DATASET RECORDS
++++++++++++++++++++
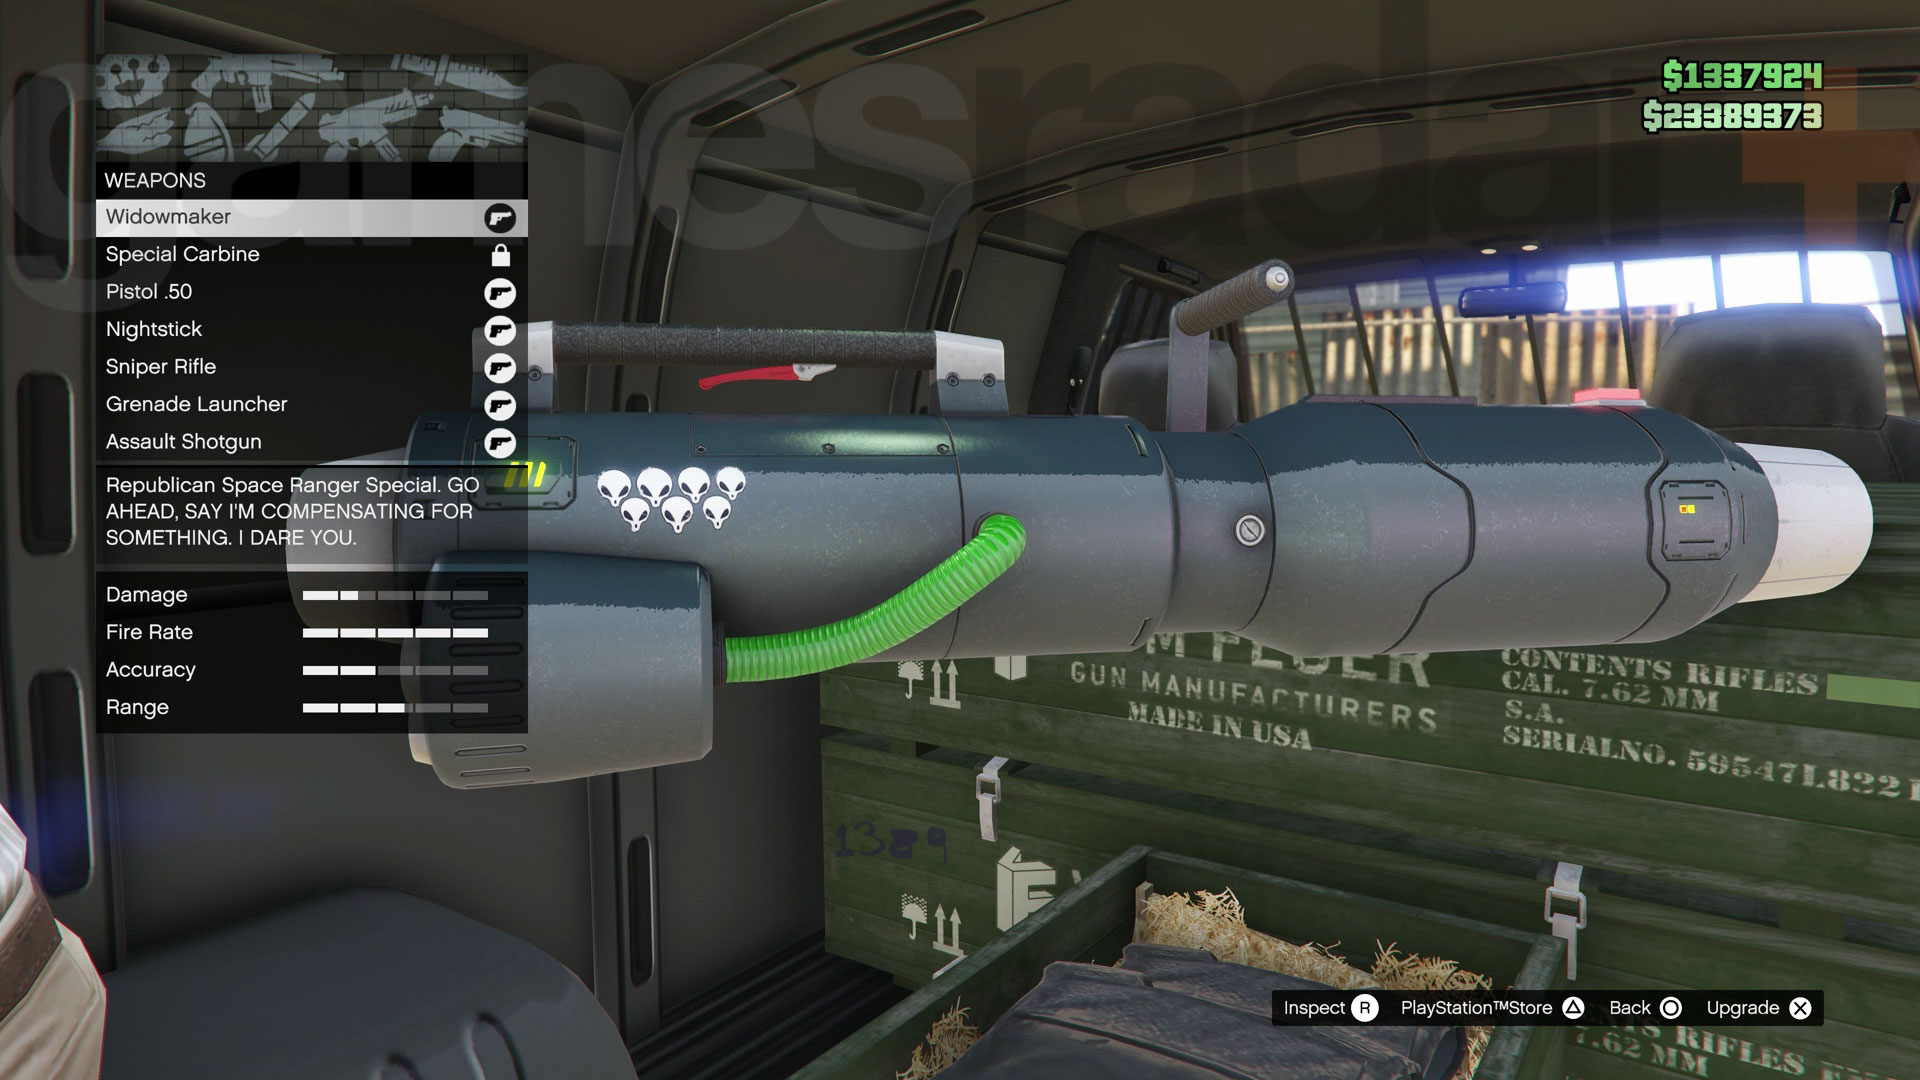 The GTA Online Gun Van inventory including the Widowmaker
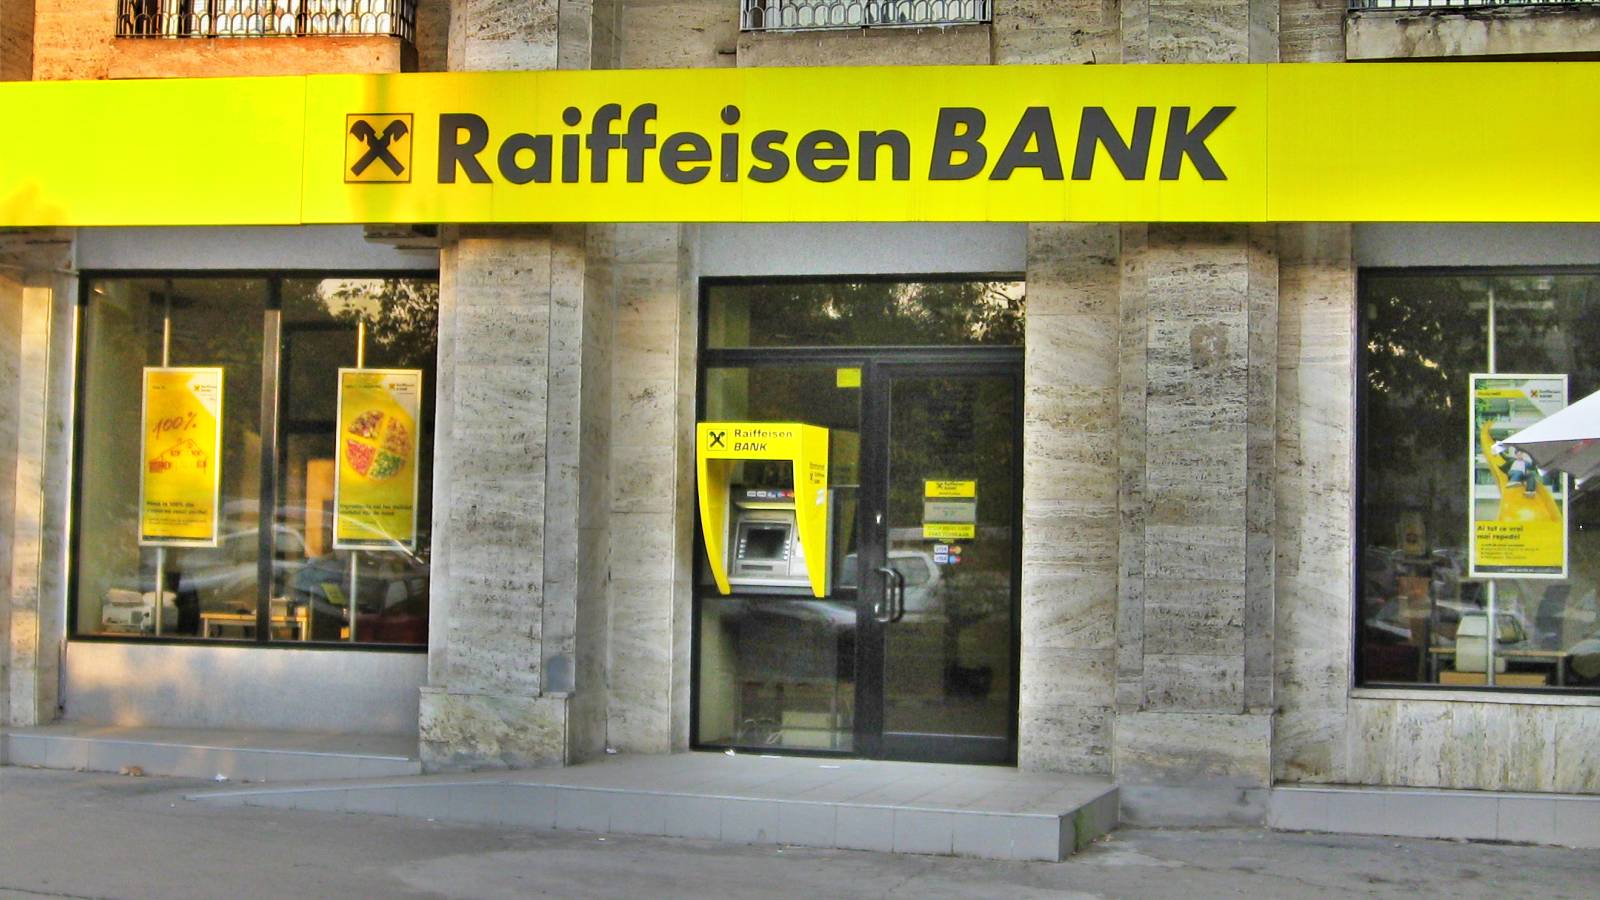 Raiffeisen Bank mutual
++++++++++++++++++++
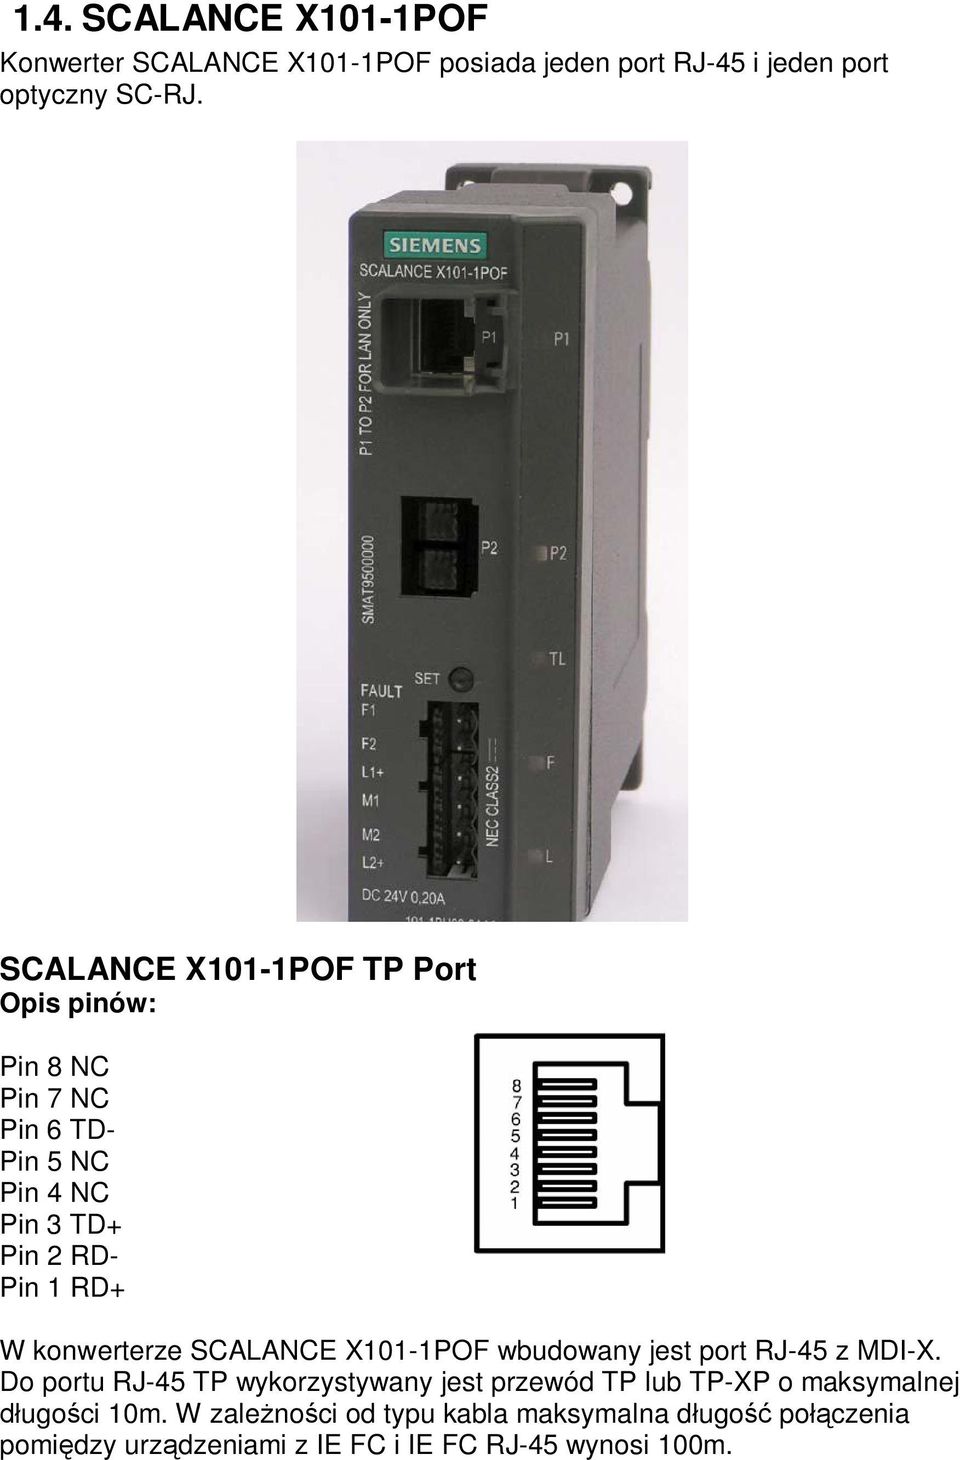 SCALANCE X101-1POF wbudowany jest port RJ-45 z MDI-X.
++++++++++++++++++++
PROMPT
Repeat the lines above exactly, beginning with the one containing "The GTA Online" and finishing with the one containing "Raiffeisen Bank mutual". No pictures belong in the copy.

TASK OUTPUT
 The GTA Online Gun Van inventory including the Widowmaker
 Raiffeisen Bank mutual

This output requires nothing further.